Can bacteriophages in wastewater treatment plants do more?

Biological Processes for Wastewater Treatment and the Role of Bacteriophages

Biological processes are the foundation of municipal wastewater treatment, as they involve the decomposition of pollutants. These processes rely on the use of concentrated biomass from various microorganisms, known as activated sludge. Wastewater treatment plants serve as connections between environmental bacteria, the wastewater microbiome (including the human microbiome), and opportunistic pathogens. The main focus of treatment processes is the removal of sludge, suspended solids, phosphorus, and nitrogen compounds. However, the traditional method of using activated sludge is not effective in dealing with persistent industrial contaminants, pharmaceutical compounds, or antibiotic-resistant microorganisms [1, 2]. This article explores the potential solution of using bacteriophages in wastewater treatment to address these challenges.

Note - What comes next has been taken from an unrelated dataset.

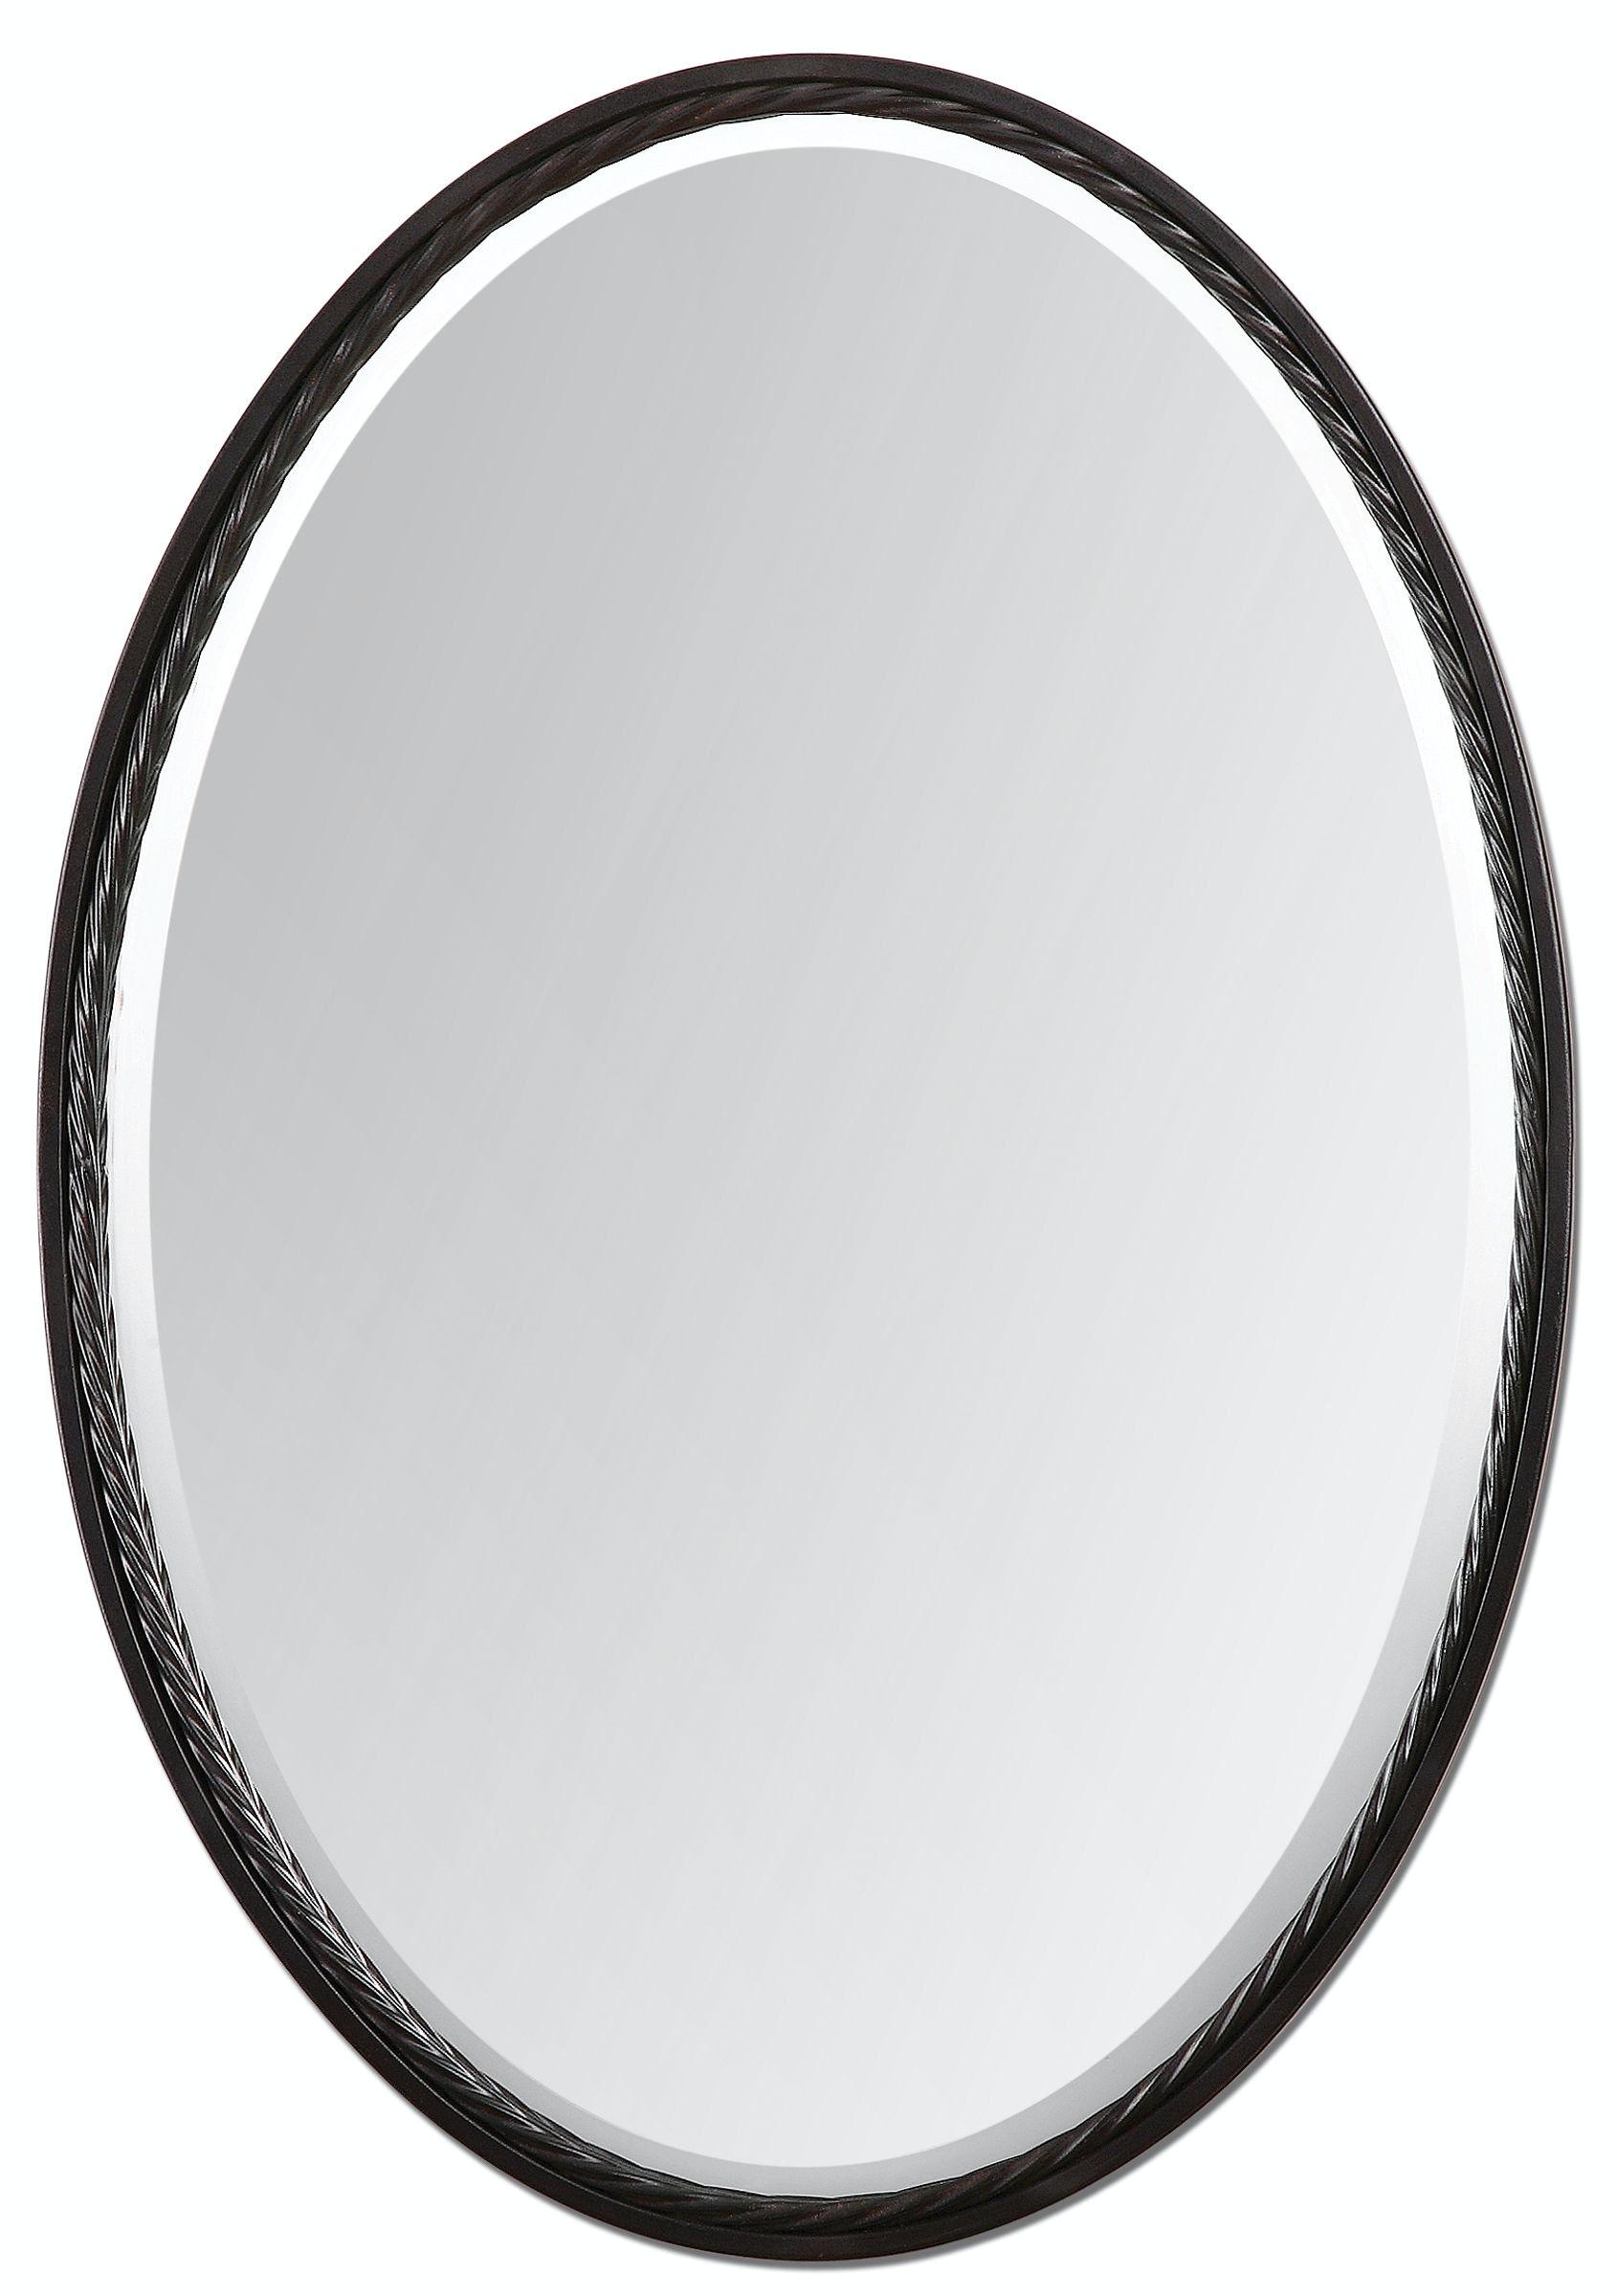 uttermost casalina oil rubbed bronze oval mirror 01116 uttermost bedroom casalina oil rubbed bronze oval mirror 01116   j      rh   jbradwells

Why Modification of Modern Wastewater Treatment Processes is Necessary

Modern wastewater treatment processes need to be modified on a micro scale due to the variable conditions that microbe-based processes for removing phosphorus and nitrogen compounds are exposed to. For example, the process of nitrification, which involves the conversion of ammonium nitrogen to nitrate by microorganisms, requires a constant level of nutrients in the wastewater entering the treatment plant. However, the nutrient composition can change depending on the season or time of day. Additionally, bacterial biomass grows slowly, and losses due to leaching or heavy rainfall can disrupt the transformation processes of nitrogen compounds. This leads to a decrease in pollutant removal efficiency and an accumulation of toxic chemical compounds that are harmful to the microorganisms themselves [2].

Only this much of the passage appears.